That's 0.841x10^-15m.

Now on to the more serious problem: The size of the electron. In physics it's considered a point with a diameter of zero. The experimental upper bound is 10^-22m; it must be smaller than this. Some have theorized that its actual diameter is far below the Planck Length, possibly even under 10^-90m. It's an open question as to whether the electron's diameter can ever be resolved experimentally, and the laws of physics strongly suggest that the answer is that it observation or measurement are impossible even in principle.

...Even the proton's new 0.841 femtometer diameter, smaller than previously assumed, is absolutely enormous in comparison.

  • floxy 17 days ago

    Schwarzschild radius for something with the mass of the electron seems like it would be ~1.35*10^-57m. But I guess that is for a neutral object. I suppose the electric charge might be enough to keep it from collapsing into a black hole? I wonder what the smallest Schwarzschild radius is for something with the charge of an electron?

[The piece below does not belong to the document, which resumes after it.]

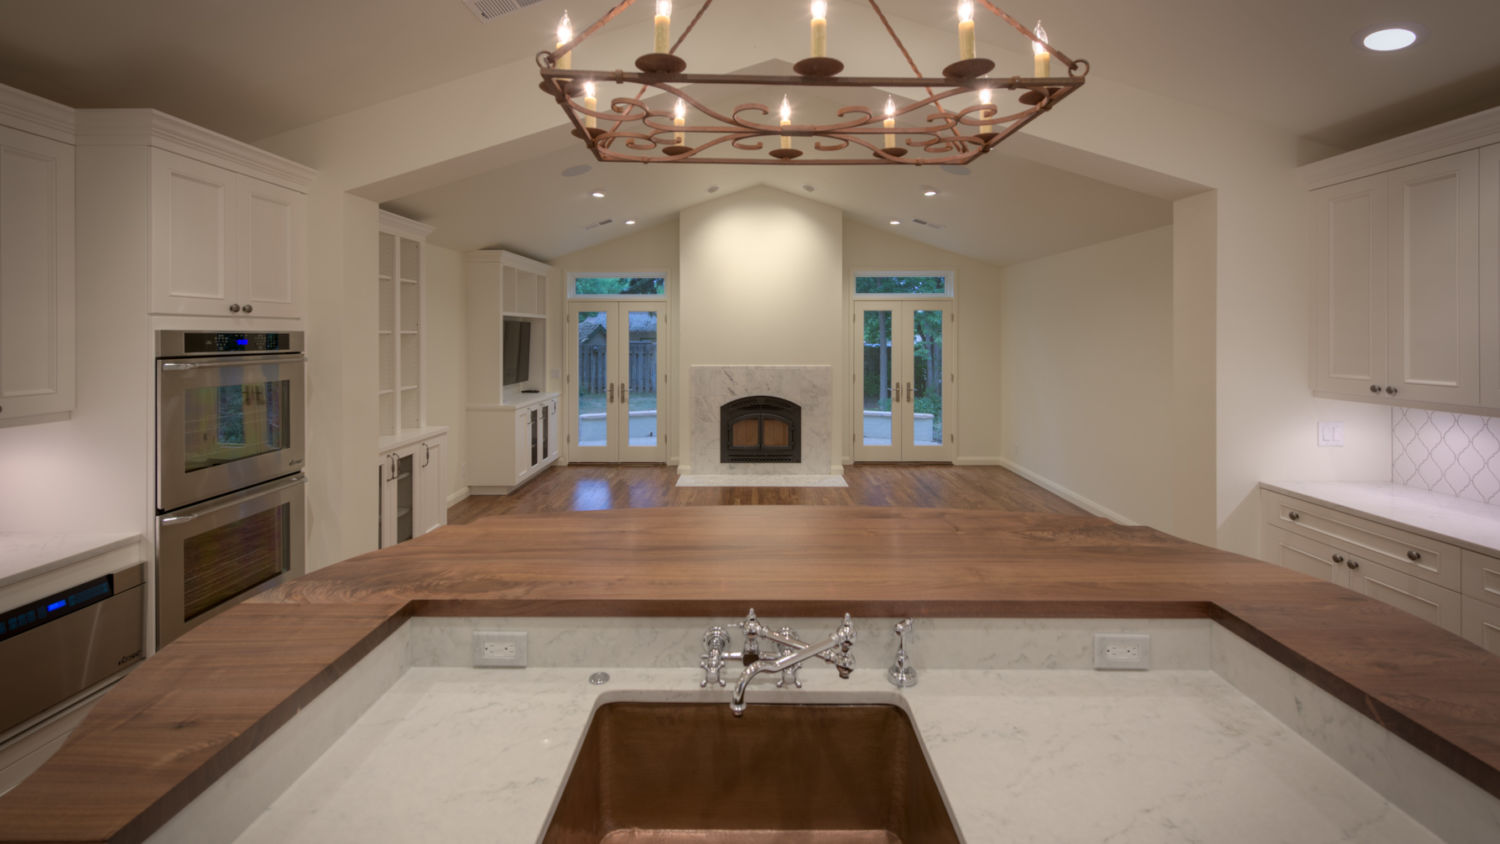 HighCraft-Builders-traditional-kitchen-remodel-white-fireplace-custom-butcher-block-counter-copper-sink
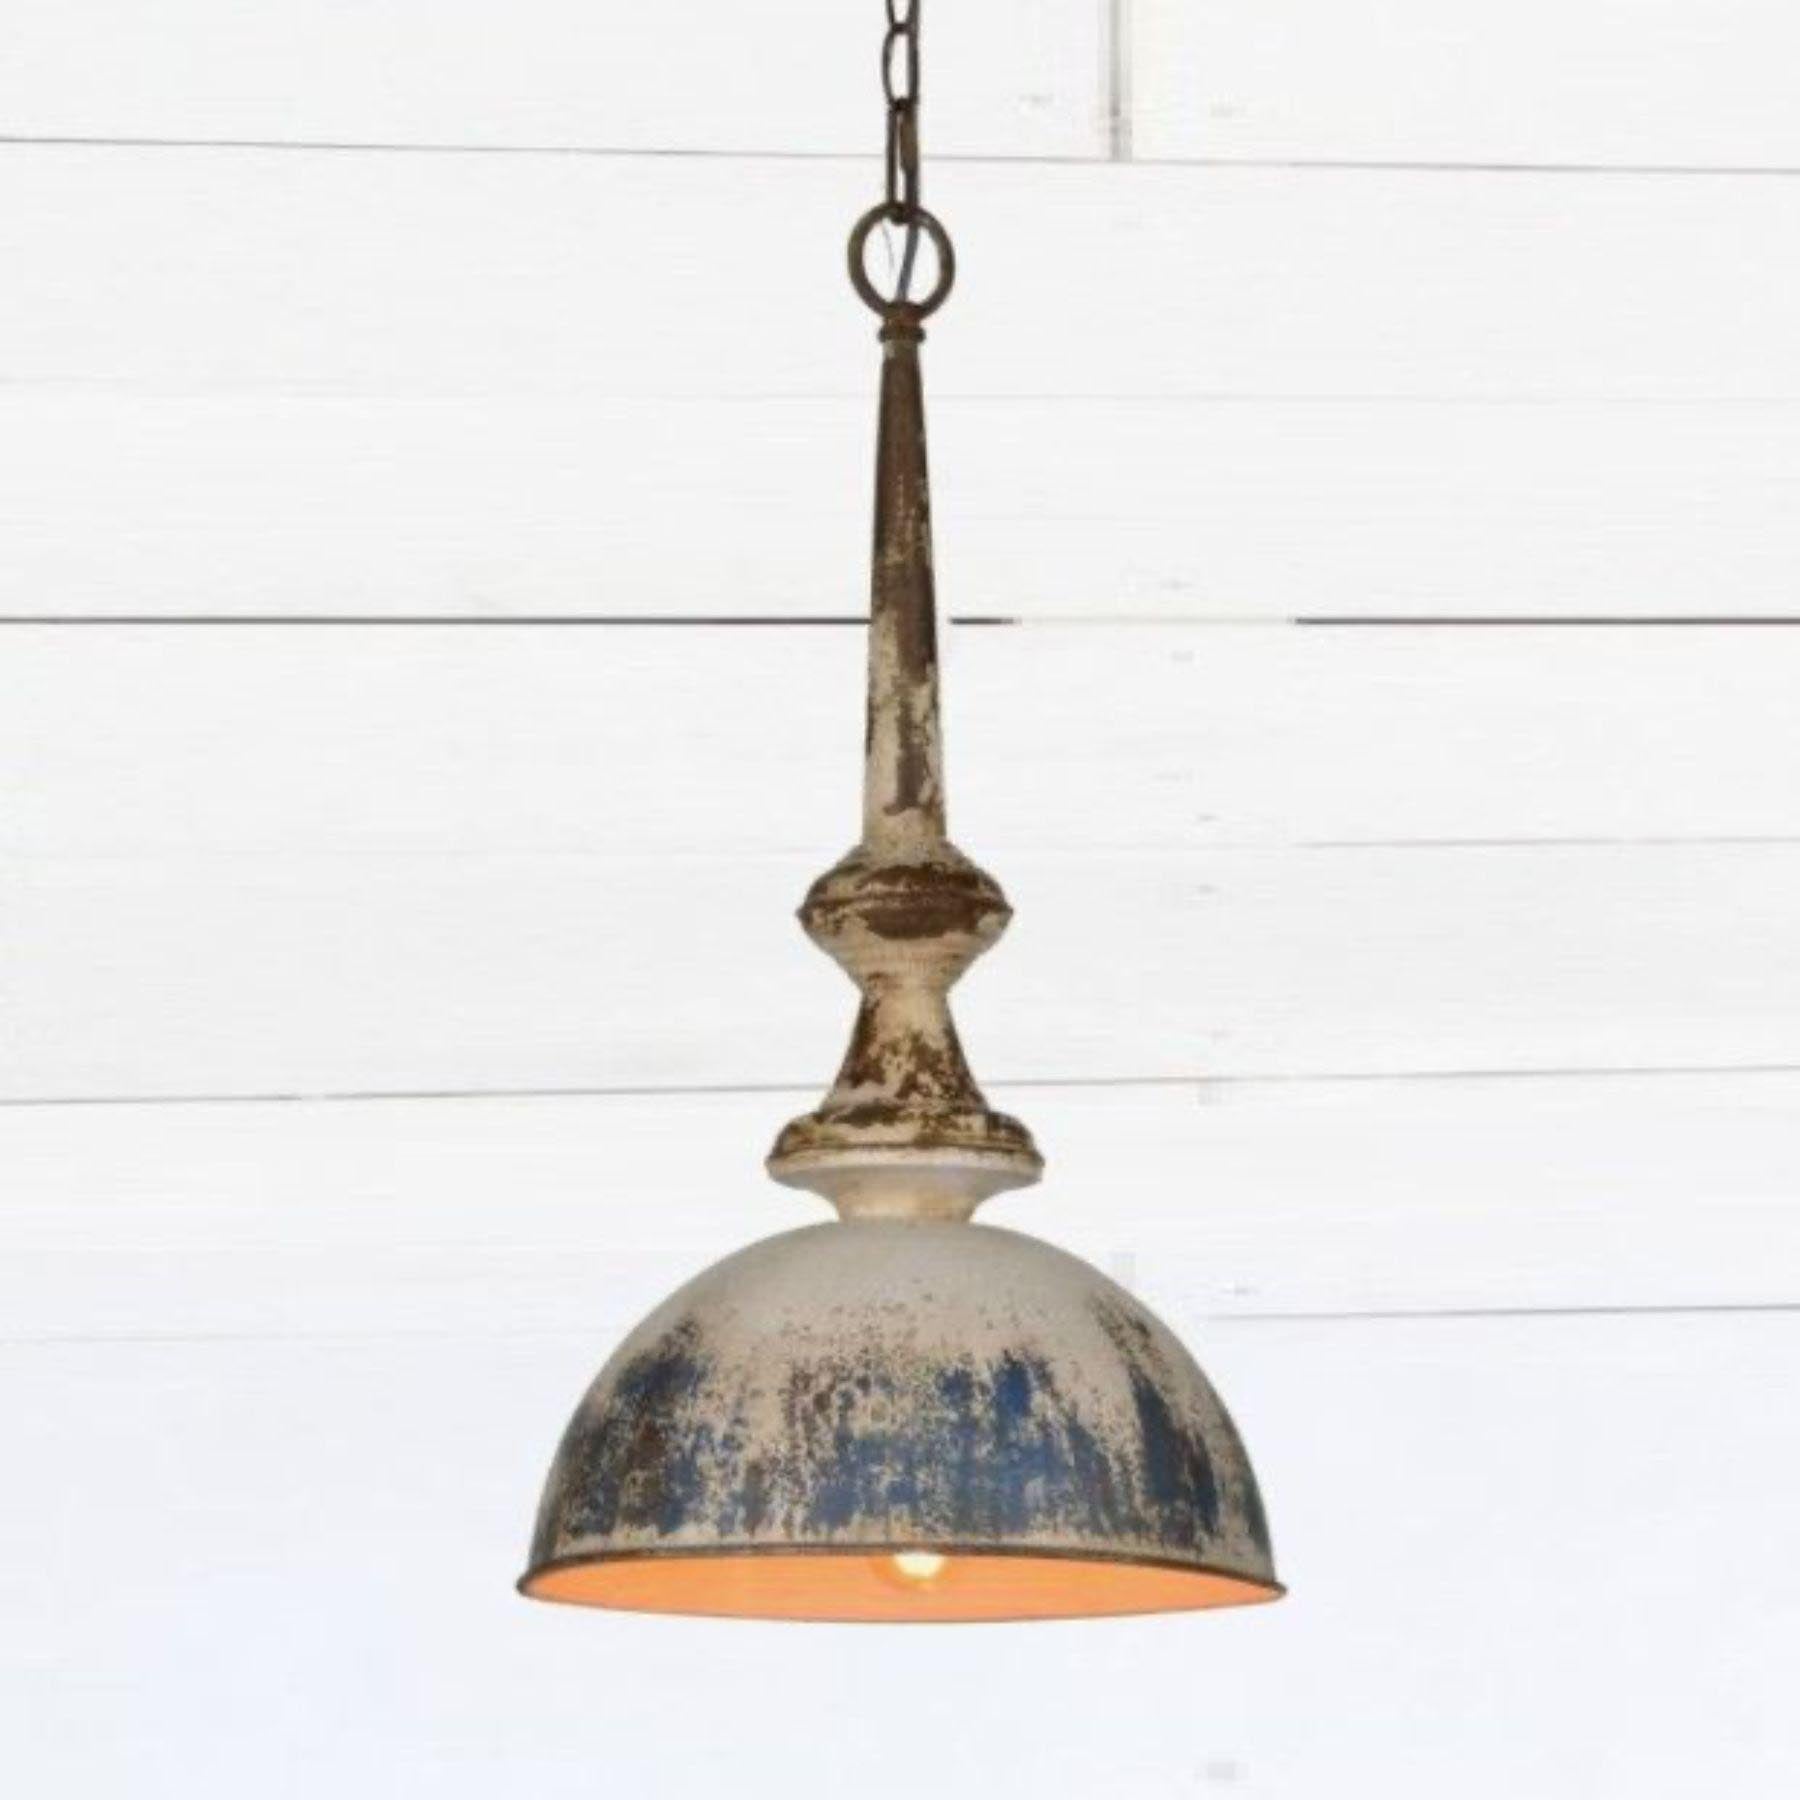 with design the pendant lamp will become the focal point radiating welcoming warmth

    https://www.omnicalculator.com/physics/schwarzschild-radius

    https://en.wikipedia.org/wiki/Extremal_black_hole

    • foxyv 17 days ago

      That kind of makes me wonder if quantum mechanics is necessary for gravity to work properly. Like, without tunneling, photons wouldn't be able to escape the gravity of the particles that they originated from resulting in a dead theoretical universe.

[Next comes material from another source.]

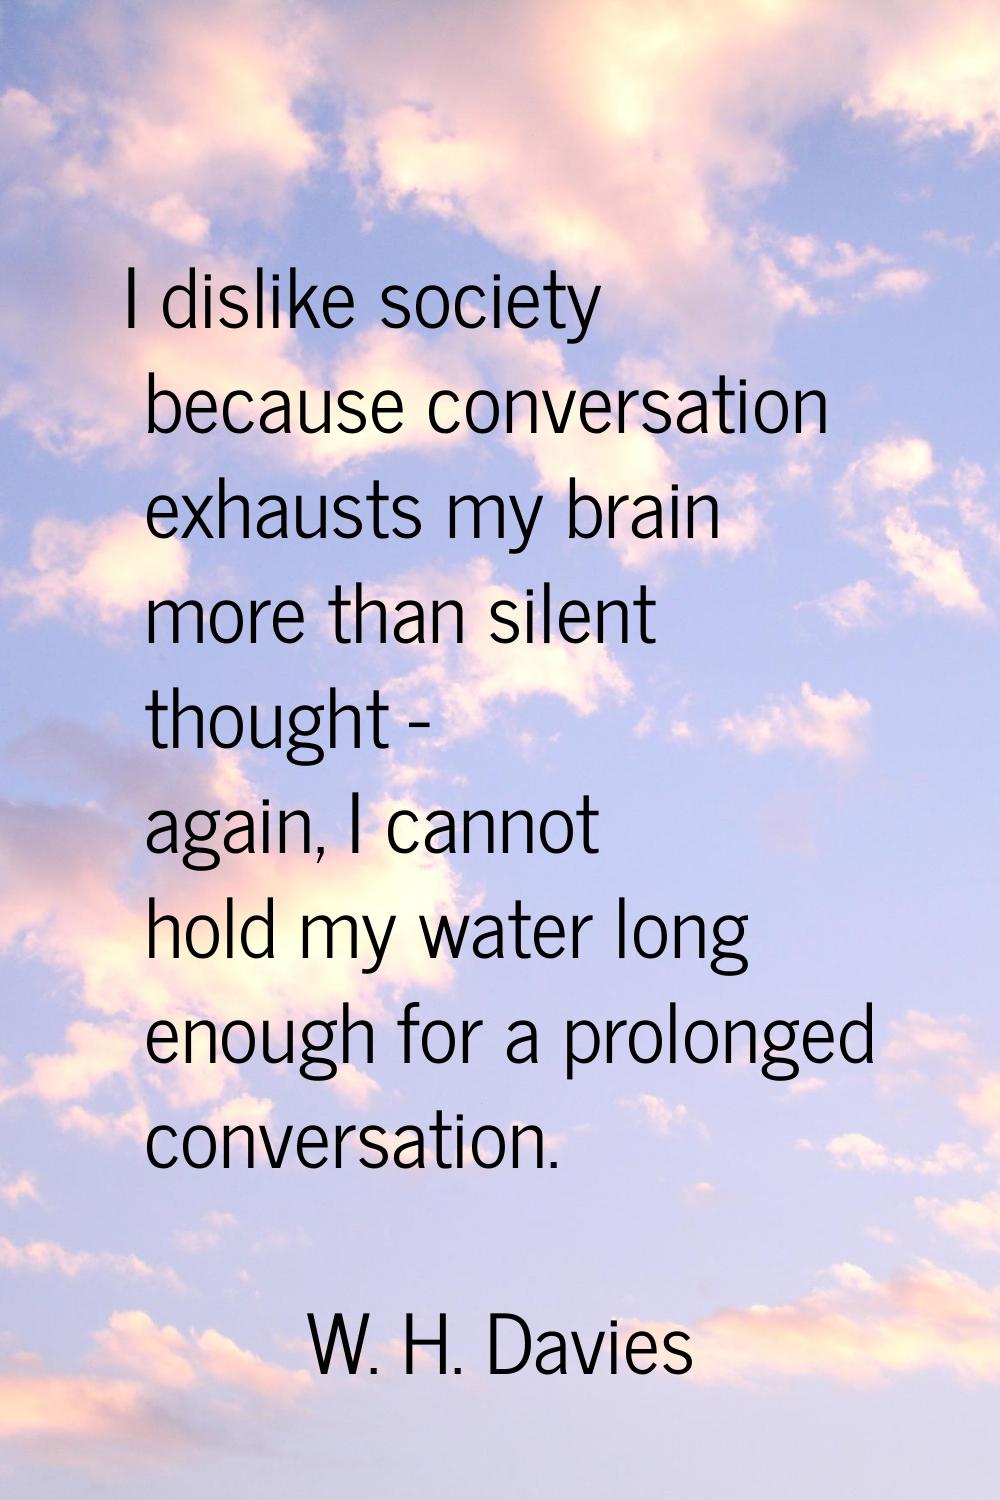 I dislike society because conversation exhausts my brain more than silent thought - again, I cannot

      • A_D_E_P_TOP 16 days ago

        In all seriousness, I believe that the resolution of the diameter of the electron would shed a lot of light on the fundamental mysteries of physics and the architecture of reality:

        Like, how far below the Planck Length can things go in practice?

        What "New Physics" can describe interactions on those scales?

        Is space fundamentally granular or continuous?

        Is it possible that the electron is a composite of smaller particles, just as the proton is a bag of quarks?

        And related to your own musings, what role does quantum foam play?

        It's all extremely mysterious and tantalizingly out of the reach of the best conceivable instruments.